Las autoridades anunciaron ayer a los residentes que podrían volver a sus casas a partir de mañana. En las calles, los profesionales de la limpieza, con rastrillos y escobas, intentan borrar la huella del huracán “Gustav”.
La mayoría regresará a partir de mañana
Los desagües y alcantarillas han empezado a aliviar la presión que estaba ejerciendo el agua, empujada por “Gustav” contra los diques que se construyeron tras la embestida del “Katrina” en 2005. Éste era el mayor peligro de un huracán que llegó sólo con la categoría 2 cuando se esperaba que alcanzase la 4.
“Fue precisamente la destrucción de los diques lo que hizo que Nueva Orleáns viera cómo se hundían sus calles bajo el agua del océano y no, directamente, las fuertes corrientes del “Katrina“”, aclara un experto a Diario Exterior.
Los diques de Nueva Orleáns sufrieron daños menores, pero no se rompieron. El agua fluyó por encima de los muros de contención y salió a chorros a través de grietas y agujeros, provocando que varios centímetros se acumularan en las calles de los alrededores. “Parece que los diques, las paredes de contención, han mantenido su integridad estructural”, dijo el gobernador de Luisiana Bobby Jindal.
Los precios del petróleo han ido reduciéndose conforme “Gustav” demostraba que su fuerza no sería suficiente para derribar o provocar grietas en las plataformas petrolíferas y de gas del Golfo de México. El “oro negro” cuesta, en estos momentos, lo mismo que hace cinco meses.
A pesar de que los vecinos han empezado a regresa, las autoridades no recomiendan hacerlo hasta el jueves. En estos momentos, muchas casas no tienen electricidad y el personal de los hospitales parece demasiado reducido para atender a la población habitual de Nueva Orleáns.
El orden público ha podido mantenerse con el toque de queda que impuso el alcalde al atardecer y la advertencia de que cualquier sospechoso del robo de una vivienda sería arrestado y encarcelado sin cargos durante un período máximo de siete días.
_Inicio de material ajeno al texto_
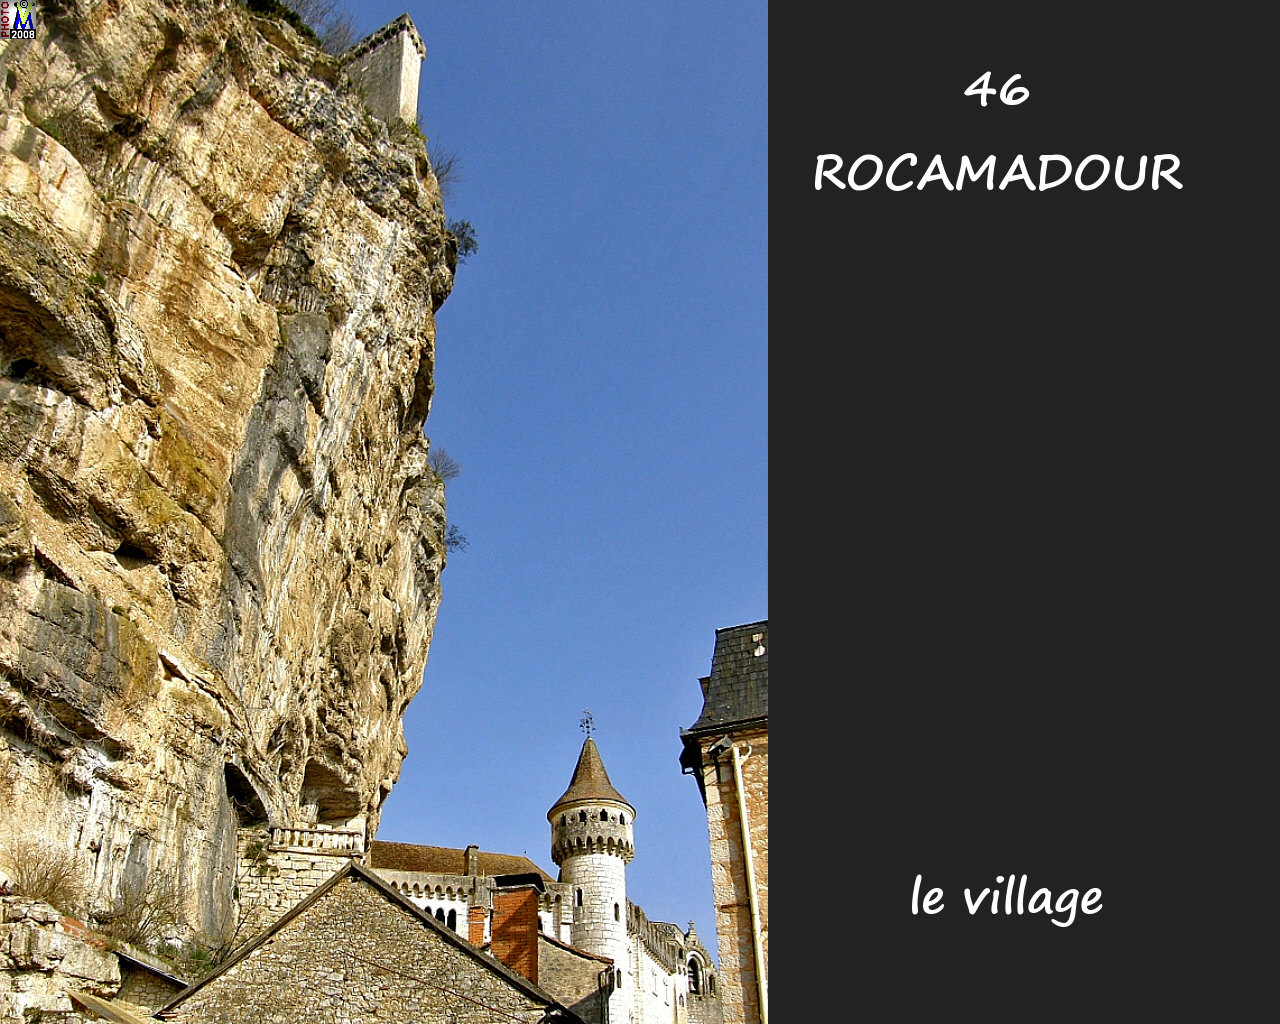 46ROCAMADOUR_village_170.jpg

Las fuerzas de seguridad sólo han detenido a dos personas después de que la evacuación comenzase.
Las labores de limpieza y rehabilitación de la ciudad son sobre todo una labor de los hispanos que viven en la región y, por eso, los vecinos han empezado a llamarles “ángeles hispanos” y se consideran en deuda con quien les está proporcionando lo que necesitan para volver por carretera a sus casas y resolver los desperfectos graves de sus viviendas.
Las cifras demuestran que “Gustav” en contra de muchas previsiones no ha sido un nuevo “Katrina”. Han muerto 2 personas frente a las 1.000 que fallecieron en 2005 y lo único que se ha inundado en la ciudad han sido los garajes y algunos comercios y pisos a pié de calle, mientras que hace tres años hubo que alojar barrios enteros y devastados por el huracán en cientos de casas provisionales y móviles.